Originally, Sounds of Blackness founder and director Gary Hines co-wrote the track with renowned 80’s R&B songwriters Jimmy Jam and Terry Lewis with the hope of creating an uplifting, and enduring, ode to positivity and resilience.

“We [wanted] to create something that’s not a flash in a pan, but something would be a classic that you’d hear 20 years from now,” Hines told The FADER. Below, more from our talk about the decades-long legacy of Sounds of Blackness, the power of black music, and why the song still resonates today.


When Sounds of Blackness first got together, what was the intent of the group?


We are very serious about our name Sounds of Blackness. This is our 46th anniversary, and we called ourselves and named ourselves Sounds of Blackness because we wanted to, back then and now, present every genre of African-American music. Every sound of blackness for people of all backgrounds with messages of inspiration. So we're very serious about being true to our name to represent the culture, the music of the culture. That’s everything from the songs of Africa, the Caribbean, to work songs, field hollers, spirituals, rock-n-roll — which a lot of people forget that was black music — reggae, gospel, R&B, soul, and hip-hop.

You wrote “Optimistic” in 1991. What was going on in your world at the time?

It was the last song that we [Jimmy Jam and Terry Lewis] wrote and recorded for our first complete album with him called The Evolution of Gospel. At the time, we wanted something that was universally encouraging and uplifting no matter what your race, religion, or ethnicity and something that was truly universal from the heart. Really, that's what African-American music is all about, and in many instances, what all music is all about. At the time on radio especially, there was a lot of negativity in the world, as there is now. So it's really a statement of faith, it's not about white-washing anything, but looking all the horrible situations in the face and saying you know what? Despite what we see, despite what we're going through everyday, all these different things, we have the faith and we believe in god, we believe in ourselves and we believe we can overcome. That gives us reason to be optimistic, no matter what.

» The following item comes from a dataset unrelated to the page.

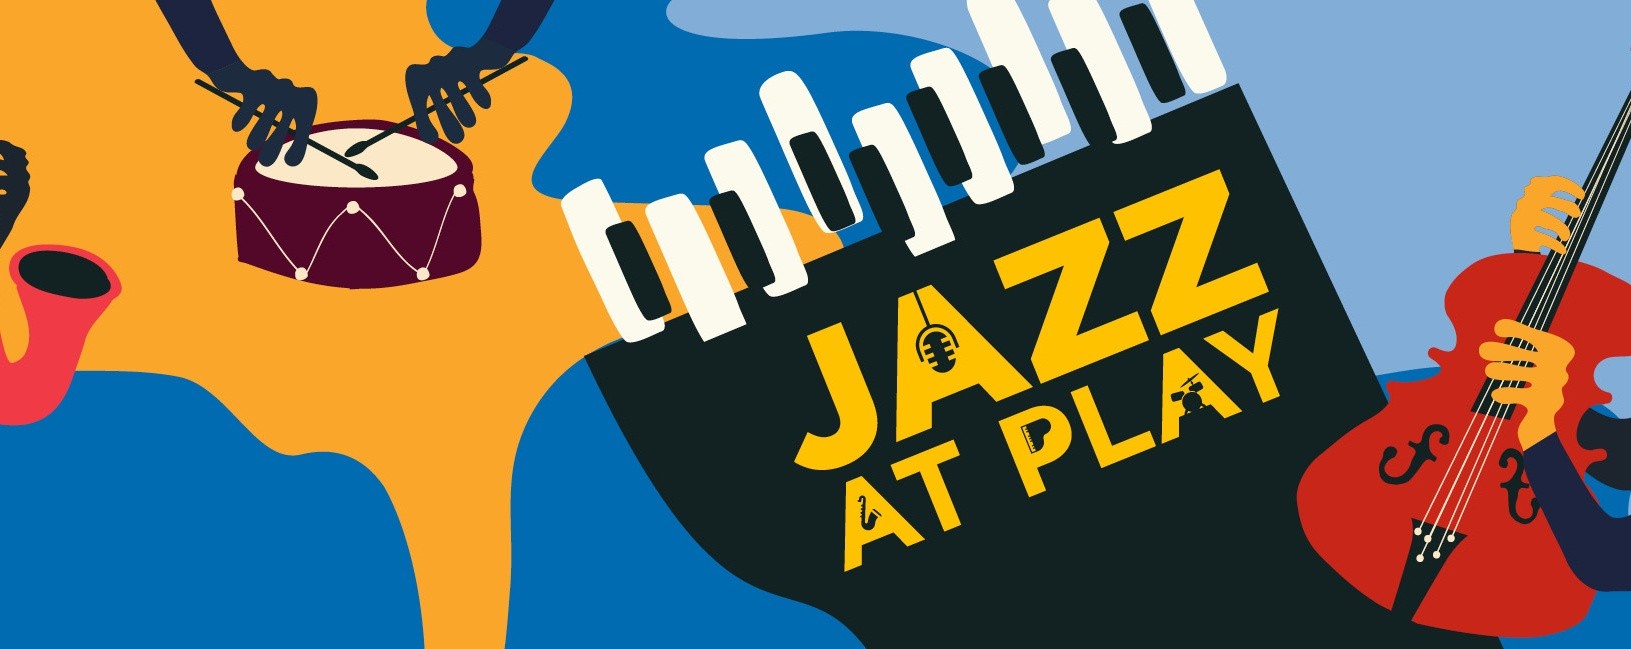 Jazz at Play: 7 Songs at Christmas

Why do you think the the song is currently resonating with so many people more than two decades after it was released?

Once again, negativity has come to the forefront here. Not only across America but around the world in so many different ways and so many different fronts. Not that negative things aren't always a part of our lives, and always a part of the world situation, but not to the degree of prominence that they are now. That's part one. Part two is, what really brought attention to “Optimistic” and back to Sounds of Blackness, is our current song “Royalty” which was inspired by Prince, and we dedicated it to him after we lost him. Over the past year, “Royalty” has been really prominent at the airwaves and it's brought even more visibility back to Sounds of Blackness and back to the messages of hope and inspiration that 'Optimistic' spearheaded.

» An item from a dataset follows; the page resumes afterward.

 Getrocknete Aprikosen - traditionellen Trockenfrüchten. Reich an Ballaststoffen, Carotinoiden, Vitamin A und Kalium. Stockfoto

I was on YouTube and I found this really great performance: it was Sounds of Blackness doing “Optimistic” with Johnny Gill, Karyn White, and Jasmine Guy. Can you tell me what that performance was like.

To this day, Johnny, Jasmine, and Karyn are all close and lifelong friends of mine. In fact, I saw Jazzy not too long ago at something, and I try to stay in touch with Johnny. I remember that we were all gonna be a part of that particular Arsenio Hall show and he’d requested it if we could do it as a grand finale, and have Johnny, Karyn, and Jazzy to join us. Of course, obviously we were honored to do that. That's where the idea was born, we ran it through rehearsals and all that kind of thing and it was absolutely wonderful.

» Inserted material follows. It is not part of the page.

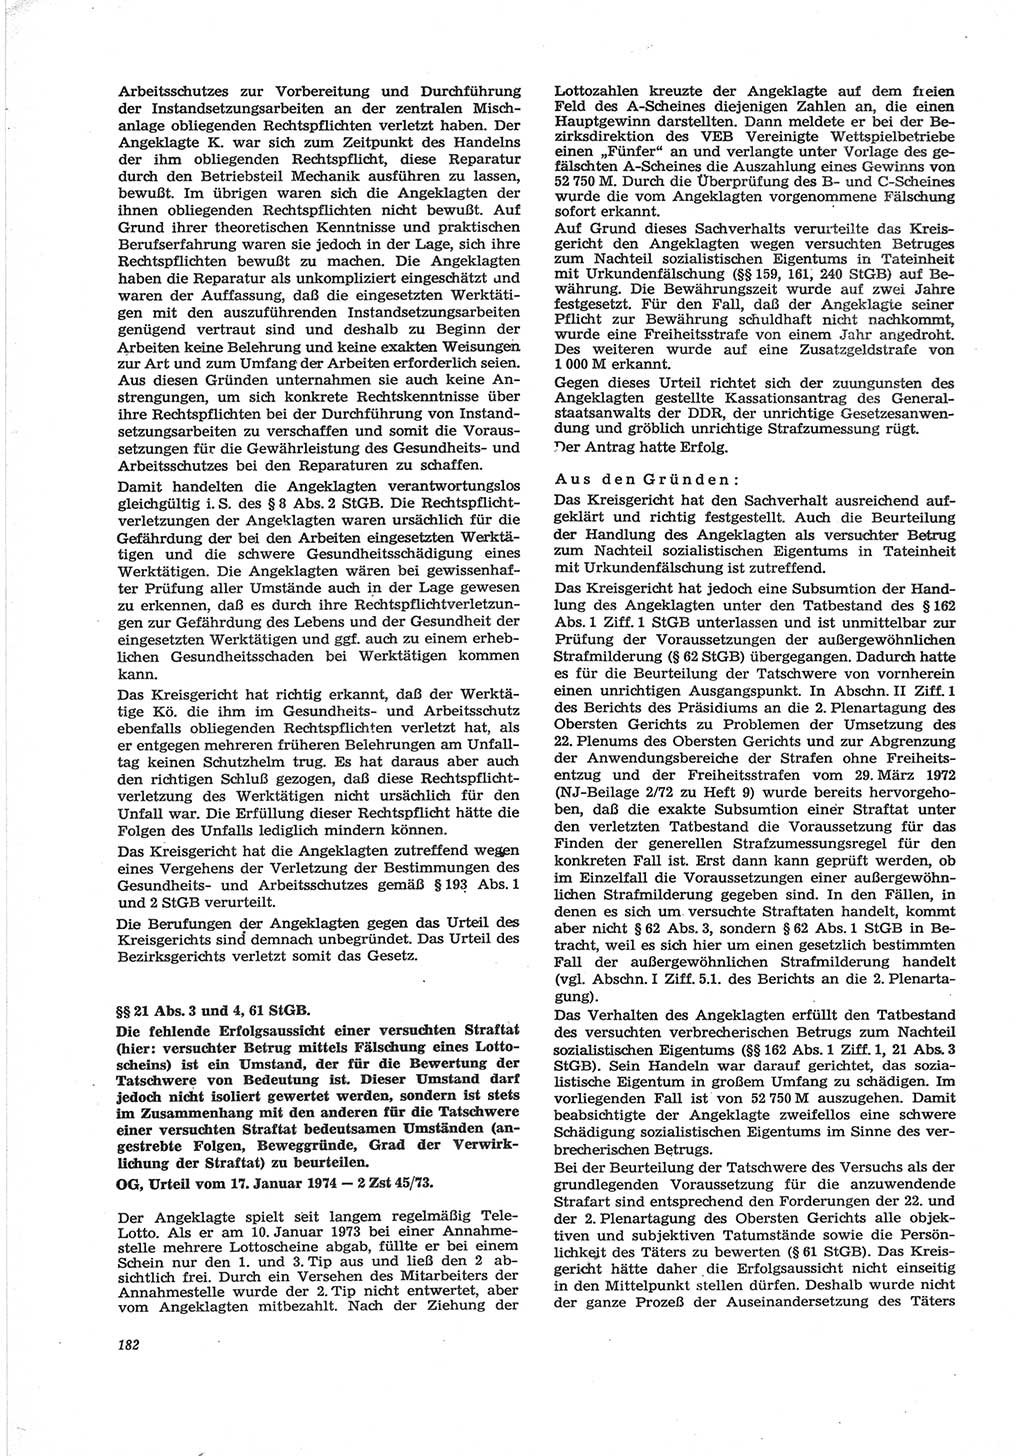 Neue Justiz (NJ), Zeitschrift für Recht und Rechtswissenschaft [Deutsche Demokratische Republik (DDR)], 28. Jahrgang 1974, Seite 182 (NJ DDR 1974, S. 182)

How did and how does Sounds of Blackness speak to the spirit of black people and black joy?

Well, it's a natural because, that spirit is what Sounds of Blackness is founded in, and rooted in, and still is. So, if you were to look at our goal statement back then,, we said we exist to glorify god and uplift people through the music of the black experience and tell the story of our people, that's still what we do today. We were founded in that spirit.

That's one member of the family of black music. The story of our people is about jazz and blues, hip-hop, soul, reggae, rock, and r&b. You can't have a complete story or testimony of the culture and the history of the people with just one of the genres that was created. That's why we're Sounds of Blackness— we were rooted in it, we began in that spirit, and we maintained in that spirit. We love, our people, our culture, our African roots, which are still so prevalent today in everything from the rhyme and rhythms of hip-hop, you name it.

What was your initial reaction to the Optimistic Challenge? And do you have a favorite one?

Sounds of Blackness and myself as one of the co-writers, were absolutely elated and overjoyed. There's too many great ones to pull one out. The kids dancing in the street around the car, that would probably be near the top of the list, but there's just so many. I’m humbled by it.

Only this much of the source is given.